Re: [patch 5/5] clocksource: Rewrite watchdog code completely

From: Daniel J Blueman

Date: Wed Mar 18 2026 - 10:26:30 EST

On Tue, 17 Mar 2026 at 17:01, Thomas Gleixner <tglx@xxxxxxxxxx> wrote:
>
> On Sun, Mar 15 2026 at 22:59, Daniel J. Blueman wrote:
> > On Mon, 23 Feb 2026 at 21:53, Thomas Gleixner <tglx@xxxxxxxxxx> wrote:
> > With that said, on the 16 socket (1920 thread) setup, we see most
> > remote calls end up timing out with WATCHDOG_READOUT_MAX_US at 50,
> > leading to excessive logging. pr_info_once() would be a good approach
> > to avoid the spam, however I still feel we should use a higher
> > (250-500us?) timeout to keep the mechanism effective.
> >
> > I also feel if a remote hardware thread is seen to timeout, retrying
> > has a high likelyhood of timing out also, so it may be cheaper in the
> > bigger picture to not retry. Sensitivity could be increased by walking
> > threads in socket order (S0T0 ... S15T0 S0T1 ... S15T1 ...). These two
> > items are my only concerns.
>
> Right. So I ditched the immediate retry and replaced the hard coded
> timeout with a runtime calculated one when NUMA is enabled. It's a
> reasonable assumption that insanely big systems have properly
> initialized SLIT/SRAT tables. So we can just [ab]use the node distance
> to determine the timeout for a remote CPU.
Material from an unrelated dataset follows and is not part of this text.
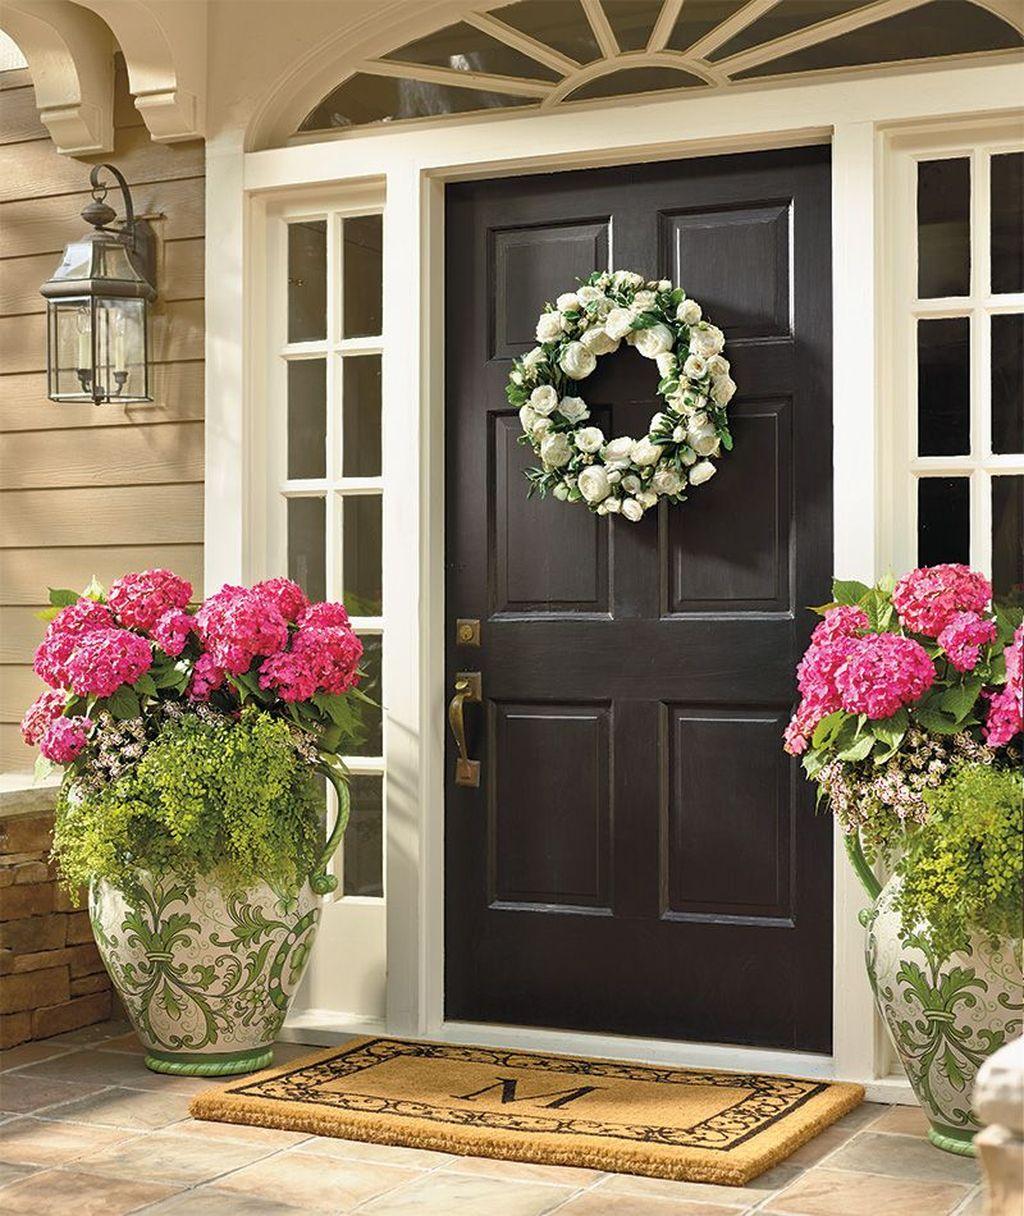 Inspiring Spring Planters Design Ideas For Front Door 14

The node distance matches well: changing "if (wd_seq >
WATCHDOG_READOUT_MAX_NS) {" to use WATCHDOG_NUMA_MAX_TIMEOUT_NS, this
presented no regressions on 16 sockets/1920 threads during idle and a
"stress-ng --msyncmany 0" all thread adverse workload for 2h.

> ---
> From: Thomas Gleixner <tglx@xxxxxxxxxx>
> Subject: clocksource: Rewrite watchdog code completely
> Date: Sat, 24 Jan 2026 00:18:01 +0100
>
> From: Thomas Gleixner <tglx@xxxxxxxxxx>
>
> The clocksource watchdog code has over time reached the state of an
> unpenetrable maze of duct tape and staples. The original design, which was
> made in the context of systems far smaller than today, is based on the
> assumption that the to be monitored clocksource (TSC) can be trivially
> compared against a known to be stable clocksource (HPET/ACPI-PM timer).
>
> Over the years it turned out that this approach has major flaws:
>
> - Long delays between watchdog invocations can result in wrap arounds
> of the reference clocksource
>
> - Scalability of the reference clocksource readout can degrade on large
> multi-socket systems due to interconnect congestion
>
> This was addressed with various heuristics which degraded the accurracy of
> the watchdog to the point that it fails to detect actual TSC problems on
> older hardware which exposes slow inter CPU drifts due to firmware
> manipulating the TSC to hide SMI time.
>
> To address this and bring back sanity to the watchdog, rewrite the code
> completely with a different approach:
>
> 1) Restrict the validation against a reference clocksource to the boot
> CPU, which is usually the CPU/Socket closest to the legacy block which
> contains the reference source (HPET/ACPI-PM timer). Validate that the
> reference readout is within a bound latency so that the actual
> comparison against the TSC stays within 500ppm as long as the clocks
> are stable.
>
> 2) Compare the TSCs of the other CPUs in a round robin fashion against
> the boot CPU in the same way the TSC synchronization on CPU hotplug
> works. This still can suffer from delayed reaction of the remote CPU
> to the SMP function call and the latency of the control variable cache
> line. But this latency is not affecting correctness. It only affects
> the accuracy. With low contention the readout latency is in the low
> nanoseconds range, which detects even slight skews between CPUs. Under
> high contention this becomes obviously less accurate, but still
> detects slow skews reliably as it solely relies on subsequent readouts
> being monotonically increasing. It just can take slightly longer to
> detect the issue.
>
> 3) Rewrite the watchdog test so it tests the various mechanisms one by
> one and validating the result against the expectation.
>
> Signed-off-by: Thomas Gleixner <tglx@xxxxxxxxxxxxx>
> Signed-off-by: Thomas Gleixner <tglx@xxxxxxxxxx>
> Tested-by: Borislav Petkov (AMD) <bp@xxxxxxxxx>
> Reviewed-by: Jiri Wiesner <jwiesner@xxxxxxx>
> Link: https://patch.msgid.link/20260123231521.926490888@xxxxxxxxxx
> ---
> V2: Make it more cache line friendly and tweak it further for insane big
> machines - Daniel

Signed-off-by: Daniel J Blueman <daniel@xxxxxxxxx>

Thanks and great work Thomas!
Dan
--
Daniel J Blueman